In general, comprehensive experimental results confirm the diagnostic effectiveness of the proposed MIPGC-Net in both TE and CSTR processes. The method exhibits strong generalization potential for fault diagnosis tasks in diverse industrial scenarios.

5. Conclusions

This work proposes a novel method, MIPGC-Net, for industrial process fault diagnosis. The MFIR module proposed is an efficient multiscale feature extraction module. This module employs a hierarchical connection structure between pathways and incorporates the ECA mechanism, which facilitates the effective interaction and refinement of multiscale features, enhancing feature richness and placing greater emphasis on critical features. To overcome the limitations of CNN in capturing global information, the WTD sub-network is designed by combining the MFIR module with the GCNet, forming a unified framework of simultaneously capturing multiscale local features and global context information. Based on this, MIPGC-Net is constructed for industrial process fault diagnosis. Compared with traditional temporal modeling methods, such as LSTM and Transformers, MIPGC-Net reduces inference latency while maintaining high accuracy, rendering it particularly appropriate for industrial fault diagnosis applications that demand real-time performance. Furthermore, comprehensive validation has been conducted on the TE and CSTR datasets, demonstrating that MIPGC-Net has strong generalization ability and can be applied to other time sequential analysis tasks, making it applicable to a wider range of industrial scenarios.

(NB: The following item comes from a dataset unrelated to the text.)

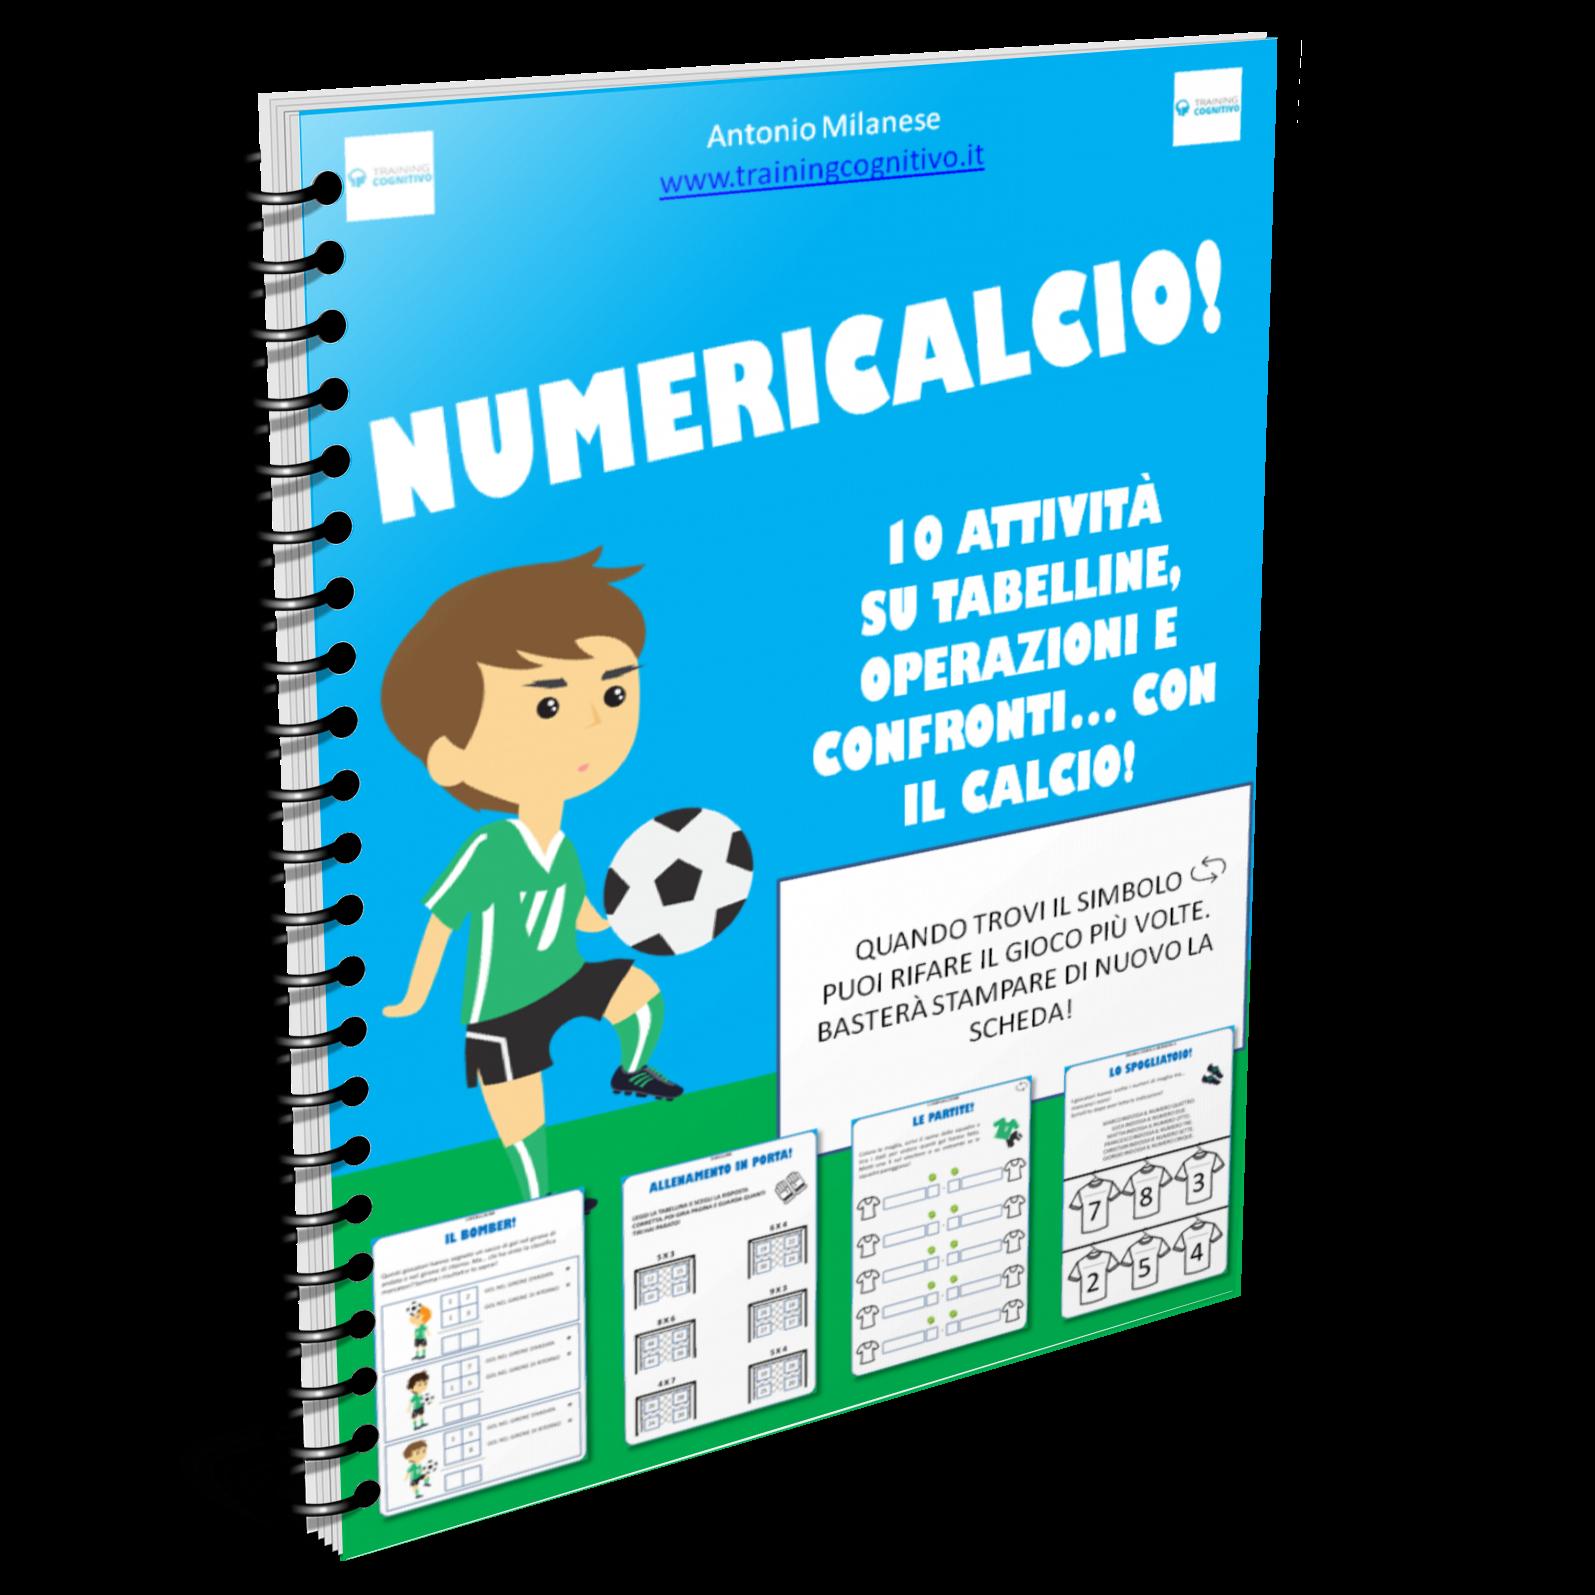 NumeriCalcio: അക്കങ്ങളും ഫുട്ബോളും ഉള്ള പ്രവർത്തനങ്ങൾ

Nevertheless, there are some limitations in this paper. As a black-box model, MIPGC-Net is deficient in decision interpretability and cannot directly provide fault root causes. In addition, although explicit dimension transformation is avoided through the ECA mechanism and the bottleneck design of GCNet maintains the lightweight property, this study mainly focuses on enhancing the feature representation capability. In the future, we will further explore the design of interpretable and lightweight models.